Business News of Wednesday, 15 July 2015

Source: atinkaonline.com

GUTA won’t reduce prices of goods for the next six months

Ghana Cedi Ghana Cedi

Members of the Ghana Union of Traders Association (GUTA) say they are not going to reduce prices of goods for the next six months even though the cedi has started performing well against the major currencies.

Speaking on Atinka FM AM Drive with Kwame Adinkra, the Secretary of GUTA , Mr. Joseph Obeng explained that traders had already imported goods pegged at the previous “cedi-dollar rate” and that reducing prices of goods will affect their capital as well as profit.

"Reducing the price of goods and services now will affect our income and profits," Mr Obeng said.

According to him, if anything at all, prices will be reduced in the six months since they need to make up for “previous imports.”

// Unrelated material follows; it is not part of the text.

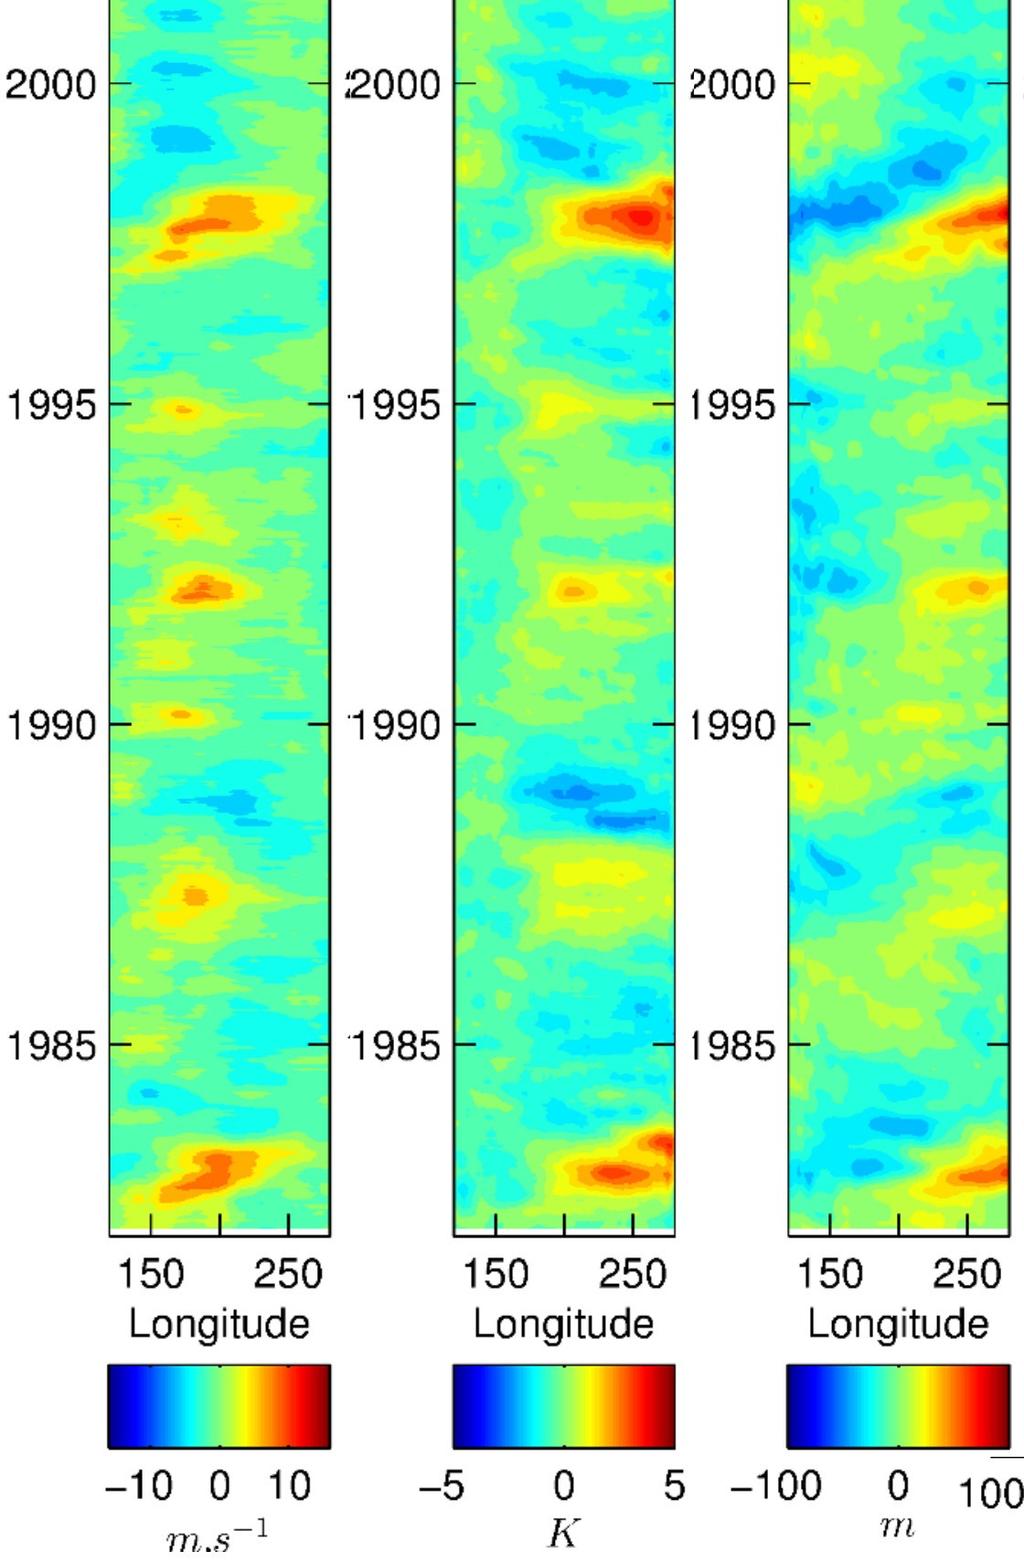 The El Nino Southern-Oscillation Introduction Zonal winds u Thermocline SST T H Hovmollers of winds, SST and thermocline depth anomalies averaged at equator (5N-5S), as a function of longitude (deg

The GUTA official advised the government to rather find ways to stabilize the cedi, adding that, in Ghana, many goods and equipment are imported and that it will be difficult for businessmen to maintain prices for a long period.

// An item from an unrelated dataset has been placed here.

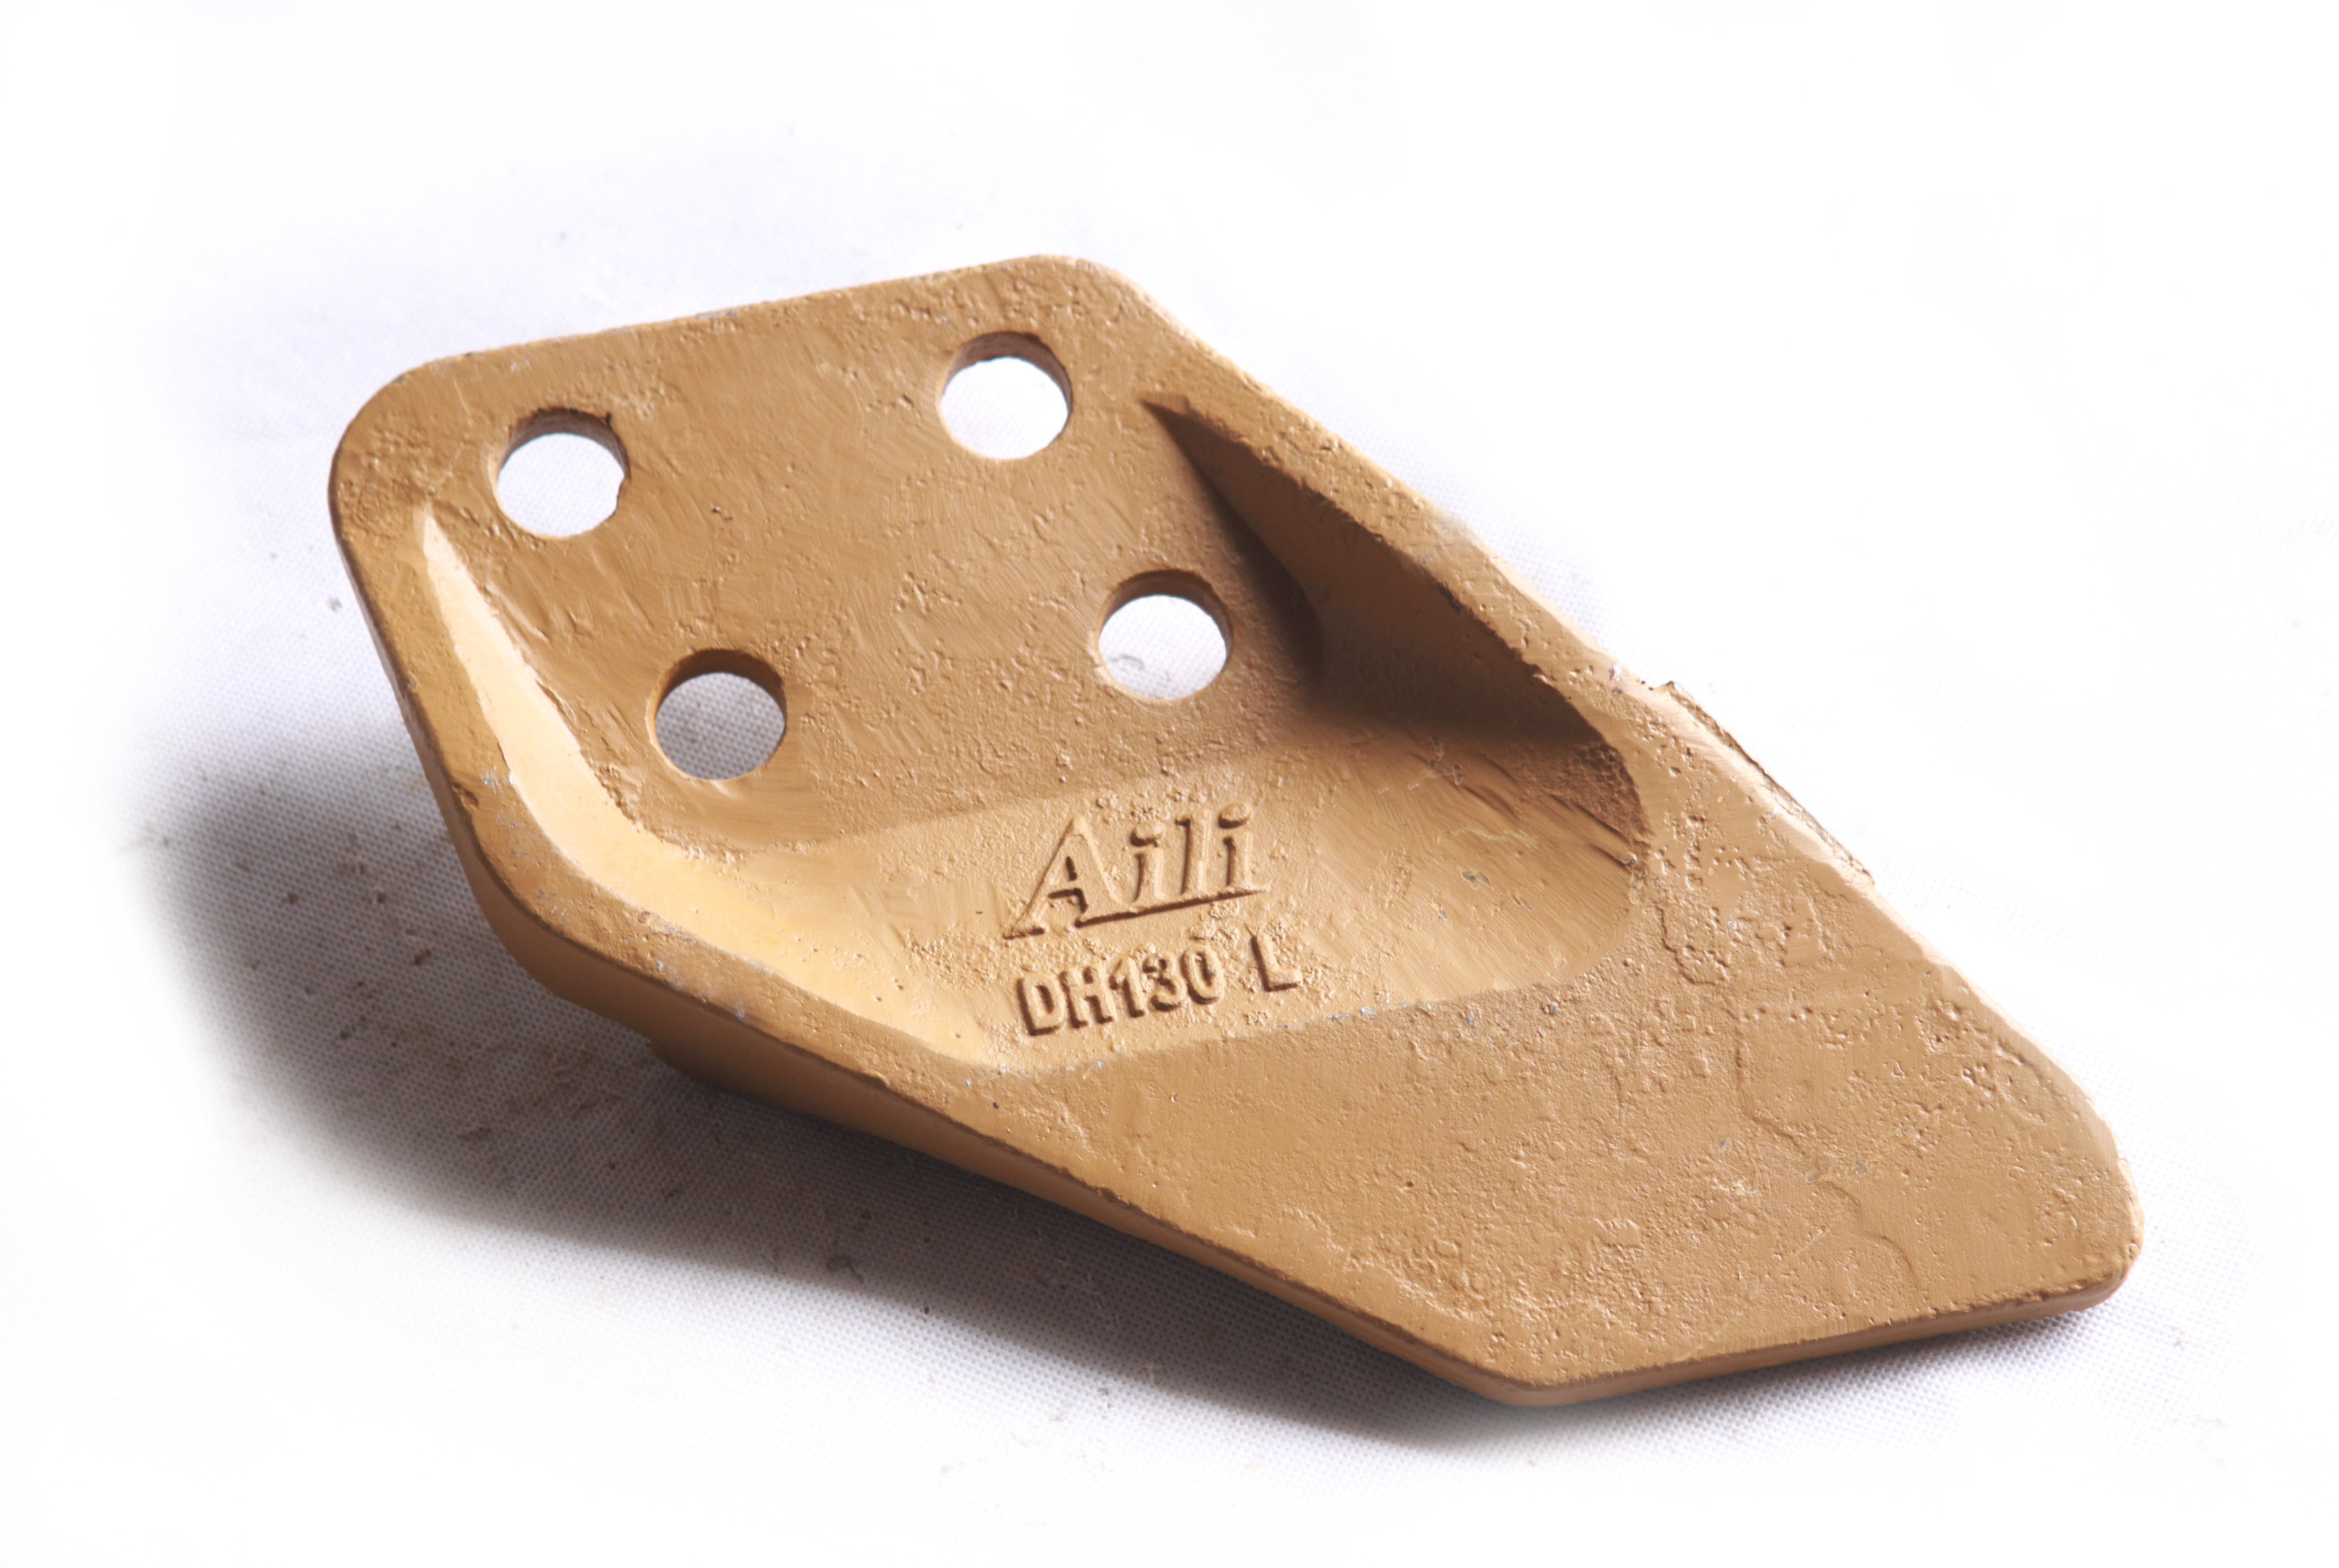 Deawoo 2713-1228, 2713-1229 DH130 4-hole Excavator Side Cutters  Form Aili Casting With High Quality

Responding to the assertion that traders have cultivated the habit of importing everything including goods which can be produced in the country thereby accounting for the poor patronage of Ghanaian goods, Mr. Joseph Appiah mentioned that countries such as the United Kingdom and the USA even import, insisting that members of GUTA do not import just anything.

“We import goods and services which are of good quality and are needed by the people of Ghana,” Mr Obeng said.

According to him, companies that are into manufacturing are not too many in the country hence the need to import. ‘Most of the goods and machinery used in the country are not manufactured so it is necessary to import,’ he said.